Elevated cardiac troponin (cTn) without a clear etiology is no benign condition for patients with chest pain, according to researchers who urged that the finding of myocardial injury should be followed by careful work-up in these patients.
One in three of those in the highest cTn tertile above the 99th percentile indicative of myocardial injury but who were discharged without diagnosis of a cardiac event later died, had an MI or stroke, or were admitted for heart failure over a median 4.9 years of follow-up in the SWEDEHEART registry.
This group significantly exceeded the normal troponin group in risk (HR 2.59, 95% CI 2.39-2.80), Kai Eggers, MD, PhD, of Uppsala University in Sweden, and colleagues reported in the January 8/15 issue of Journal of the American College of Cardiology.
Even the “healthiest” patients in that high cTn group — those without cardiovascular comorbidities, renal dysfunction, left ventricular dysfunction, or significant coronary stenosis — showed increased odds of major events (HR 3.57, 95% CI 2.30-5.54).
“Our data are in line with results from studies investigating cTn levels in other populations without acute cardiovascular disease,” the researchers wrote. “A common denominator of these studies is the mediation of the prognostic importance of cTn through its association with cardiac abnormalities. These might possibly still be subclinical at the time point of cTn measurement.”

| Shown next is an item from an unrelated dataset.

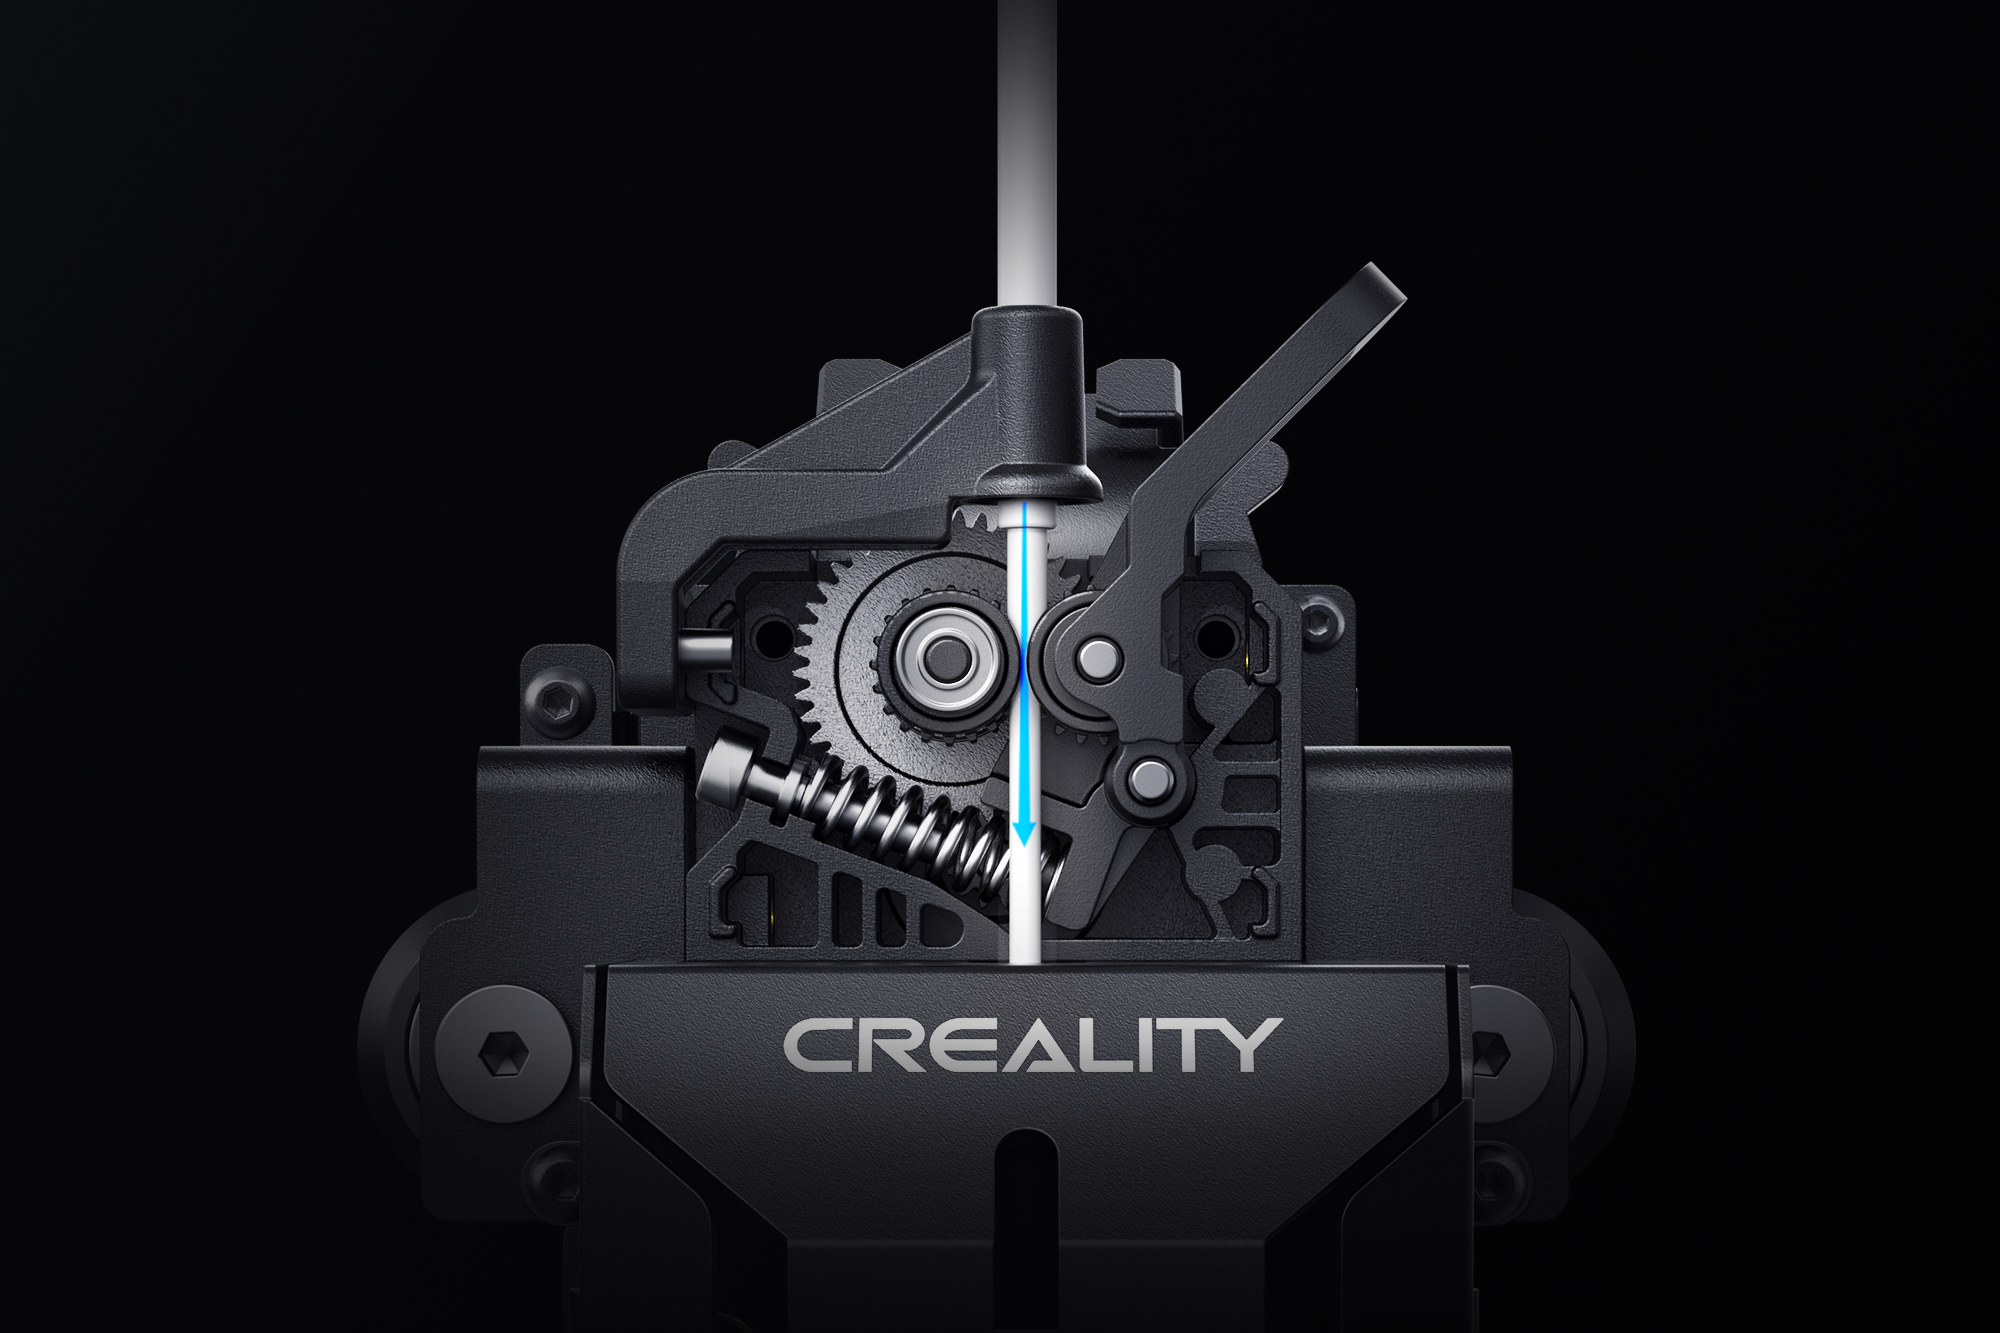 Ender 5 S1 | Creality Launches the Ender-5 S1 3D Printer

In the SWEDEHEART registry (n=48,872), one in five people admitted acutely for a suspected ACS had cTn levels exceeding the 99th percentile.
Their risk of major adverse events (all-cause mortality, MI, heart failure readmission, or stroke) climbed in a stepwise fashion when further divided into tertiles by cTn compared with people below the 99th percentile, whose rate of events was 271.5 per 10,000 patient-years:
- Tertile 1 (lower cTn): 419.1 per 10,000 patient-years
- Tertile 2: 562.4 per 10,000 patient-years
- Tertile 3 (highest cTn): 1,046.1 per 10,000 patient-years
“Troponinemia” has been used to describe elevated cTn with no clear reason, but it is “trivializing and should be avoided,” the investigators argued.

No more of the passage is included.